Though I’d spent my adolescence keeping journals — recording everything from the exciting to the mundane — it took this experience to help me make the leap from trusting myself to trusting my family and friends. I found my voice by writing in my journal, and it helped me navigate my fears surrounding my sexuality and initiate real-life conversations about it.

Moraya Seeger DeGeare, a therapist and co-founder of BFF Therapy, a counseling center in Beacon, New York, stresses the importance of keeping creative outlets in everyday life, but especially in identity development. “By journaling, a part of you is making it more real by taking it out of your mind and forcing you to organize your thoughts in a very simple way,” she says. “You’re creating fresh pathways to those thoughts and giving them validation.”
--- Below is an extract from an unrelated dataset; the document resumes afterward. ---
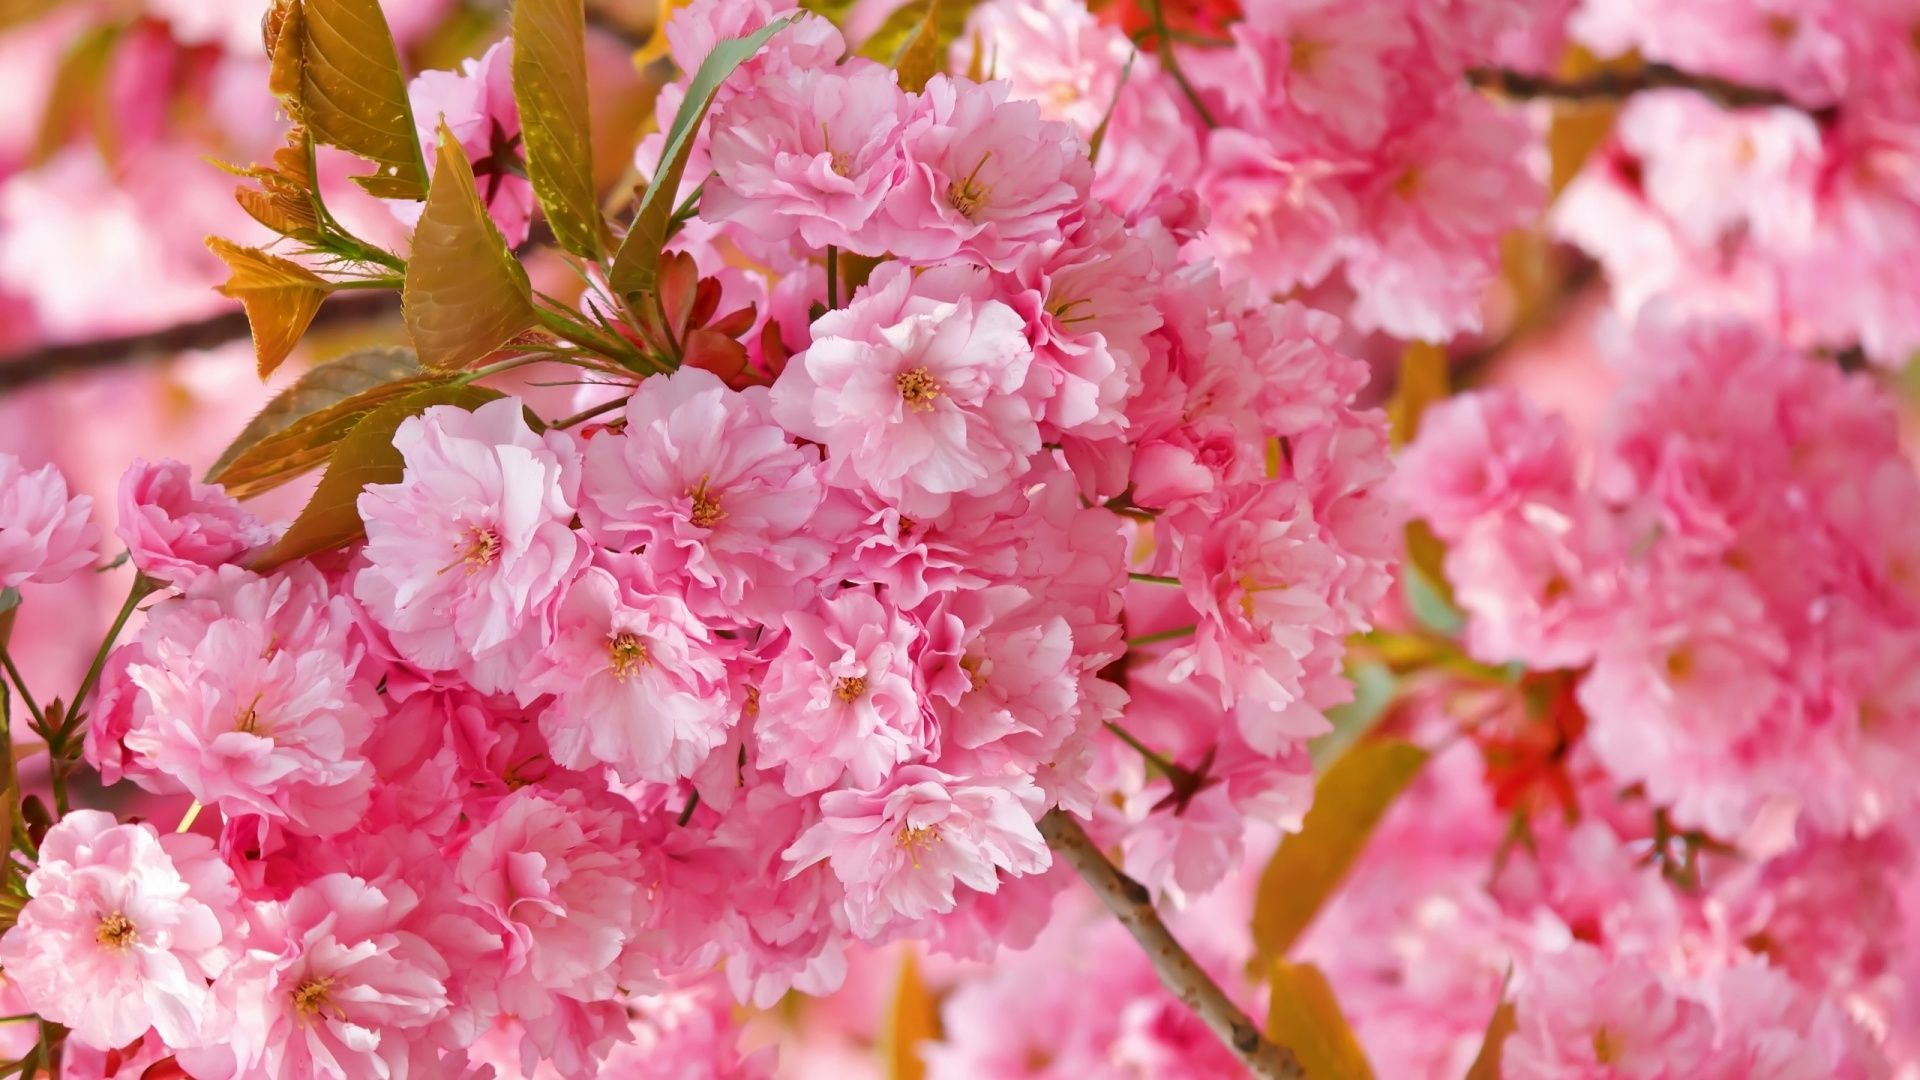 Hình những bông hoa Anh Đào nở rộ đẹp rực rỡ

When I finally let myself use my journal to explore what I was feeling for Sam, and write about the shame and the stigma of my experience, it allowed me to move away from the paralysis that accompanied this radical shift in my identity. Writing in my journal allowed me to get words and feelings out of my head, which, in turn, helped me find the language to navigate this period in my life. Once I had the words, I was able to face the fear of telling my friends, and many months later, my family, too.

“Even when journaling is painful, or something that might not be comforting — like negative self-talk — you are at least taking it out of this solo space in your mind that can loop, twist, and attach fear to it,” explains Moraya. “As you create with your emotions it gives it real form.”

I told Moraya about what it felt like all those years ago to write in my journal and avoid the topic of my feelings for Sam. “You can have a code in your journal if it’s too scary and you can’t write that word yet,” she tells her clients. In this way, even in our journals, in our own words, we can still face our truths in our own time. “I’ve had people write it down and burn it,” she tells me, reminding me that there are no rules when it comes to finding a creative outlet for your feelings. She and her partner at BFF Therapy, Jaimee Arnoff, ask their clients in every session, “How are you getting this out outside of our session?”

I know with absolute certainty that journaling helped me overcome the fear that accompanied my initial feelings for Sam. Having a place to explore my feelings and create a language for my emotions stripped my fear of its power, allowing me to transform from a girl desperate to hide into a woman secure in her voice, her identity, and her love.

Many of Moraya’s clients are queer. “Some of them are working on discovering sexuality and coming out, even much later in life, and for others, that discovery was years before I met them. A part of the work in therapy is talking about those first attractions.” For some clients, she says, “We can go back to early journals together and see how pronouns had been interchangeable, and even handwriting can evolve as they refer to themselves with different pronouns.” Whatever we’re facing in our lives, journaling creates a safe space to explore language for different stages of our lives, whether we’re confronting our sexuality or our gender for the first time, or simply trying our best to live as our authentic selves. Words have power, and journaling can help us to own our stories.